- _PROBLEM REQUIREMENTS_: All entries below are to be reproduced exactly.

(Dataset excerpts)

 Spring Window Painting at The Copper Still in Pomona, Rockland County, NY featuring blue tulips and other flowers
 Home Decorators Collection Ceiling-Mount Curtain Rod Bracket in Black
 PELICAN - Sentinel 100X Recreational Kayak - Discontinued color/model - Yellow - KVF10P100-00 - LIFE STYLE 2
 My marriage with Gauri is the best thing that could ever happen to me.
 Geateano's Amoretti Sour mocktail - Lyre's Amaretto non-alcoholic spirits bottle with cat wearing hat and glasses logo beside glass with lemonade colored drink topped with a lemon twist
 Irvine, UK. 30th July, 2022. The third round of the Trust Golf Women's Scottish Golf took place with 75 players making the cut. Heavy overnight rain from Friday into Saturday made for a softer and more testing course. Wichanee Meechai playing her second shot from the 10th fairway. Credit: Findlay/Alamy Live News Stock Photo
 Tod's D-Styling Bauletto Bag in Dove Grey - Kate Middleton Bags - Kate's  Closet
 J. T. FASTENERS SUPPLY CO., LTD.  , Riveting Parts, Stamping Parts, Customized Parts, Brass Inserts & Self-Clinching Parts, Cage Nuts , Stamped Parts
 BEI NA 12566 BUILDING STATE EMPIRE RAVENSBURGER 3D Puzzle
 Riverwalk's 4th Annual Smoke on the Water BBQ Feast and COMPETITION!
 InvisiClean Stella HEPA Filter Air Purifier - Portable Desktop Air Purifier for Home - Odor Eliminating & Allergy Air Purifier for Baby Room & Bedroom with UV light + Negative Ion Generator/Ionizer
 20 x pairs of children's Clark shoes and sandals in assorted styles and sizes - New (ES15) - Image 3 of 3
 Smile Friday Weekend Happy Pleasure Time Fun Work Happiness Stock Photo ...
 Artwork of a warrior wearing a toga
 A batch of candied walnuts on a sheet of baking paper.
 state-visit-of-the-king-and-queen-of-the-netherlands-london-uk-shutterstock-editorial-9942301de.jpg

- _OUTPUT OF THE EXERCISE_:
 Spring Window Painting at The Copper Still in Pomona, Rockland County, NY featuring blue tulips and other flowers
 Home Decorators Collection Ceiling-Mount Curtain Rod Bracket in Black
 PELICAN - Sentinel 100X Recreational Kayak - Discontinued color/model - Yellow - KVF10P100-00 - LIFE STYLE 2
 My marriage with Gauri is the best thing that could ever happen to me.
 Geateano's Amoretti Sour mocktail - Lyre's Amaretto non-alcoholic spirits bottle with cat wearing hat and glasses logo beside glass with lemonade colored drink topped with a lemon twist
 Irvine, UK. 30th July, 2022. The third round of the Trust Golf Women's Scottish Golf took place with 75 players making the cut. Heavy overnight rain from Friday into Saturday made for a softer and more testing course. Wichanee Meechai playing her second shot from the 10th fairway. Credit: Findlay/Alamy Live News Stock Photo
 Tod's D-Styling Bauletto Bag in Dove Grey - Kate Middleton Bags - Kate's  Closet
 J. T. FASTENERS SUPPLY CO., LTD.  , Riveting Parts, Stamping Parts, Customized Parts, Brass Inserts & Self-Clinching Parts, Cage Nuts , Stamped Parts
 BEI NA 12566 BUILDING STATE EMPIRE RAVENSBURGER 3D Puzzle
 Riverwalk's 4th Annual Smoke on the Water BBQ Feast and COMPETITION!
 InvisiClean Stella HEPA Filter Air Purifier - Portable Desktop Air Purifier for Home - Odor Eliminating & Allergy Air Purifier for Baby Room & Bedroom with UV light + Negative Ion Generator/Ionizer
 20 x pairs of children's Clark shoes and sandals in assorted styles and sizes - New (ES15) - Image 3 of 3
 Smile Friday Weekend Happy Pleasure Time Fun Work Happiness Stock Photo ...
 Artwork of a warrior wearing a toga
 A batch of candied walnuts on a sheet of baking paper.
 state-visit-of-the-king-and-queen-of-the-netherlands-london-uk-shutterstock-editorial-9942301de.jpg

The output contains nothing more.